O presidente dos EUA, Donald Trump, alega que os serviços de segurança e inteligência verificaram que todos os imigrantes eram membros de organização criminosa. Além disso, justificou que não seria possível realizar julgamentos de tantos casos de “criminosos estrangeiros” e que estaria fazendo o que “foi eleito para fazer”.

“Não podemos dar a todos um julgamento, porque isso levaria, sem exagero, 200 anos. Precisaríamos de centenas de milhares de julgamentos para as centenas de milhares de ilegais que estamos enviando para fora do país”, disse em uma rede social após a Corte Suprema suspender o uso da Lei de Inimigos Estrangeiros para transferir imigrantes. 

Já o presidente de El Salvador, Nayib Bukele, recebeu os presos em troca de recursos financeiros e de ajuda com “inteligência” do governo dos EUA. O presidente centro-americano também sustenta que respeita os direitos humanos.

“Nós não temos presos políticos. Todos os venezuelanos que temos sob custódia foram detidos como parte de uma operação contra gangues como a Operação Trem de Aragua, nos Estados Unidos (EUA)”, justificou Bukele.

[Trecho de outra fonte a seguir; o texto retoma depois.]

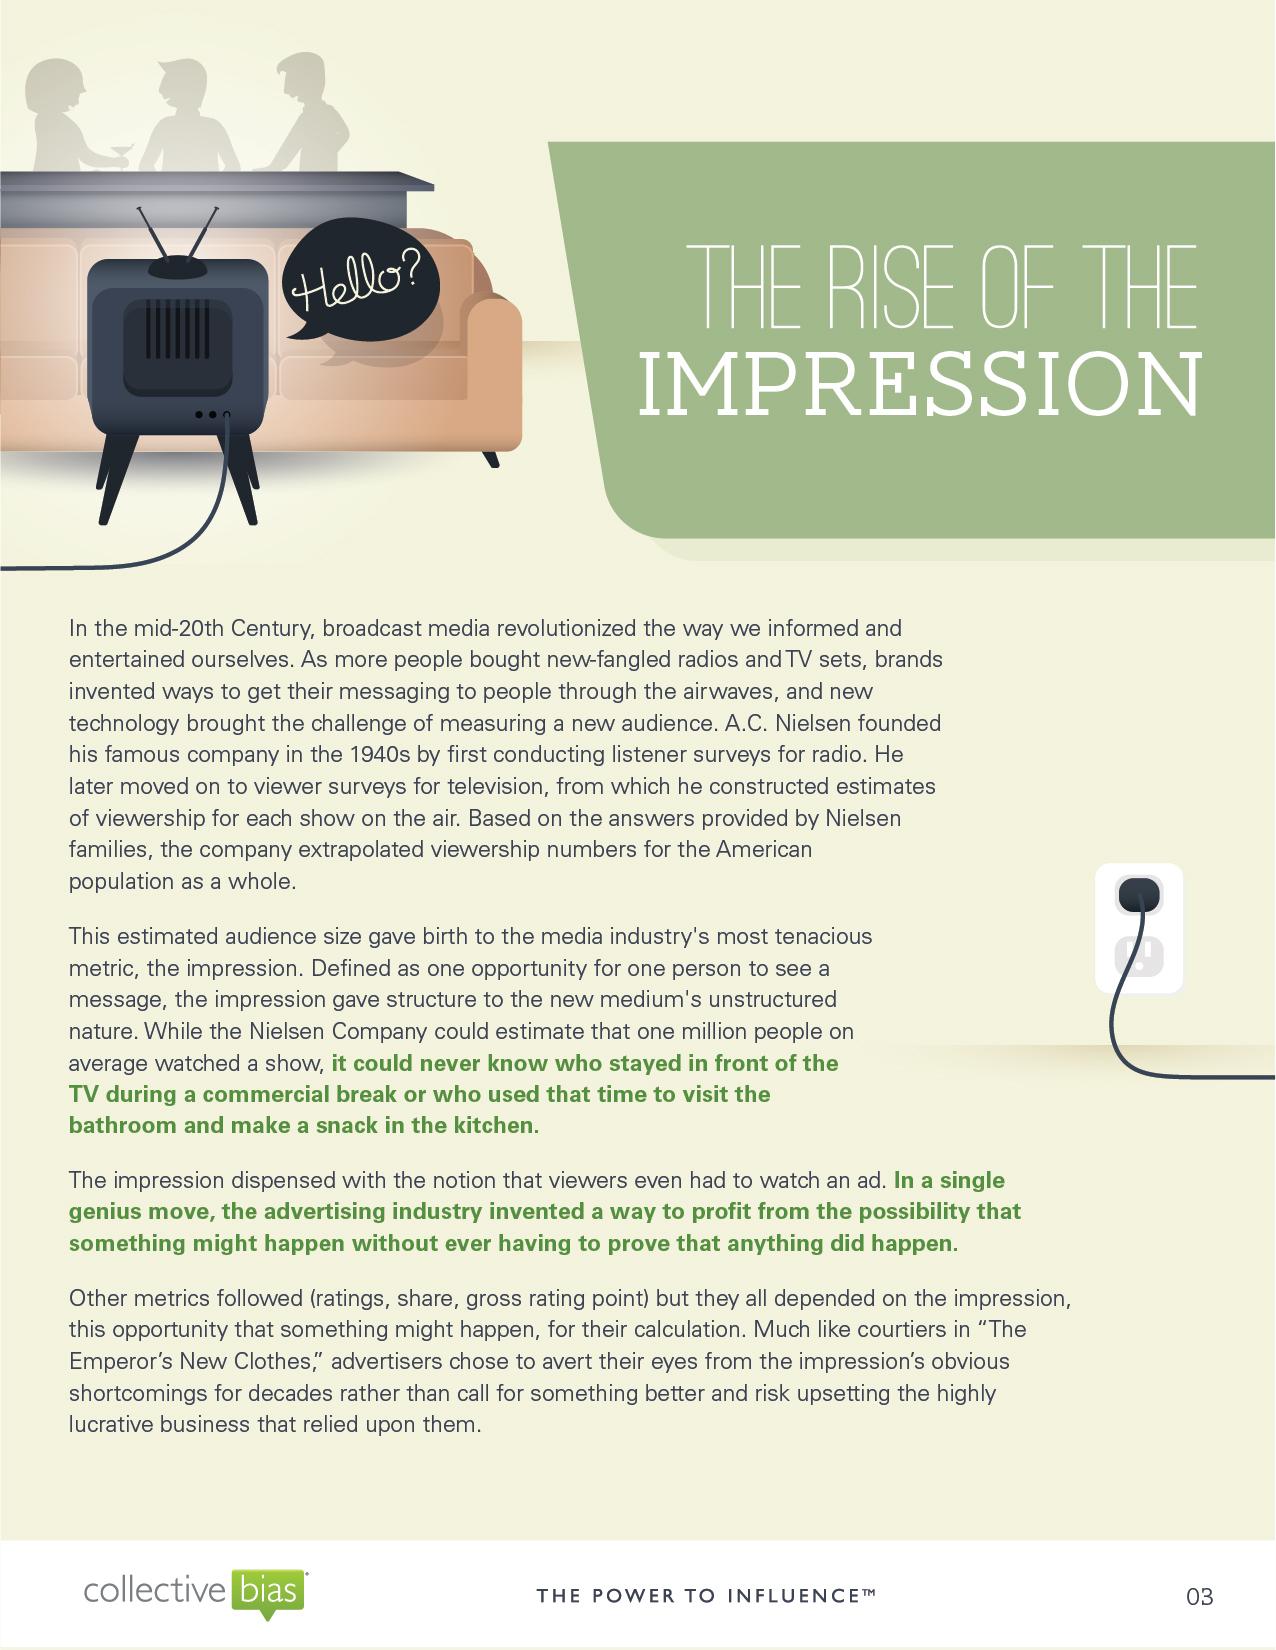 WhyIQuitBigImpressions-04.jpg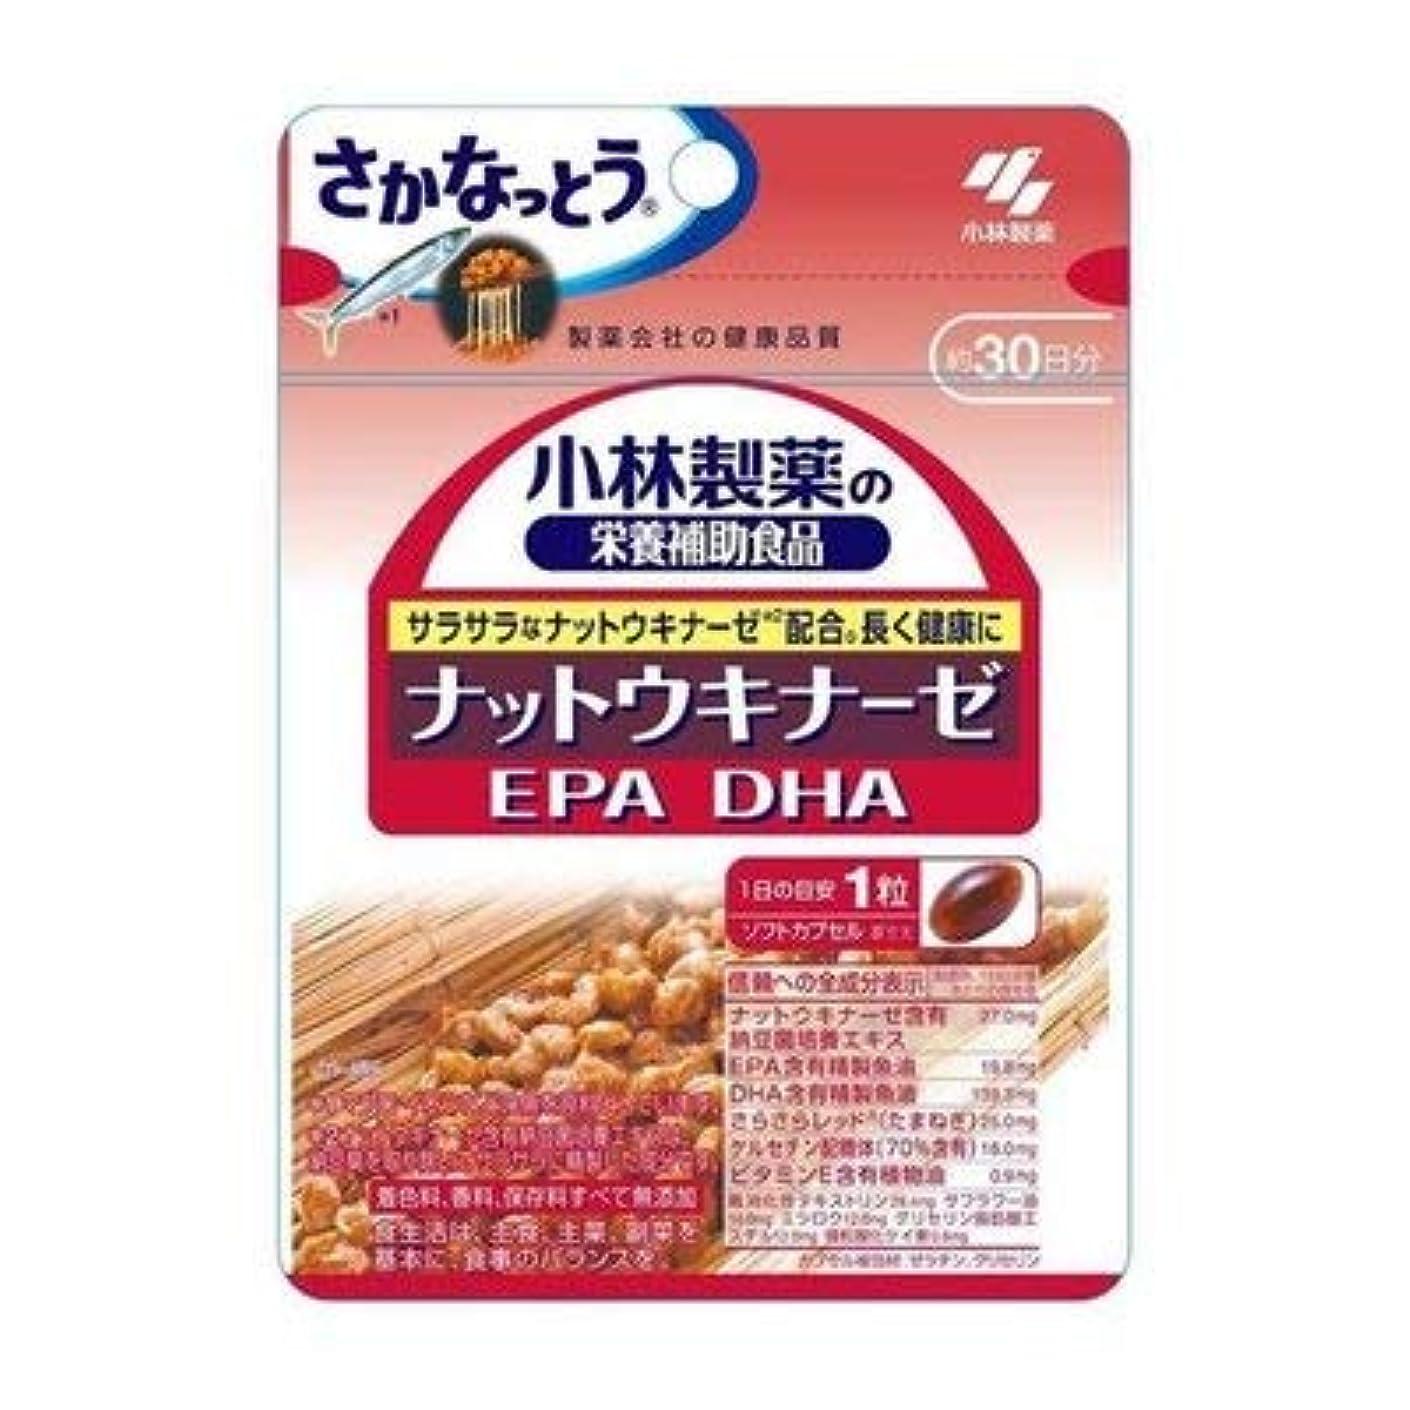 許容面積スキャンダル小林製薬 小林製薬の栄養補助食品ナットウキナーゼ?DHA?EPA30粒×5袋

O presidente de El Salvador governa há mais de três anos por meio de decretos de Estado de Exceção, com suspensão de direitos individuais, é acusado por organizações de direitos humanos, como a Anistia Internacional, de prisões arbitrárias e prática sistemática de tortura no Centro de Confinamento de Terroristas (Cecot), onde milhares de presos não teriam direito a defesa e seriam submetidos a julgamentos em massa.

Trump e Bukele em reunião na Casa Branca: negócios afinados. (Reprodução TV)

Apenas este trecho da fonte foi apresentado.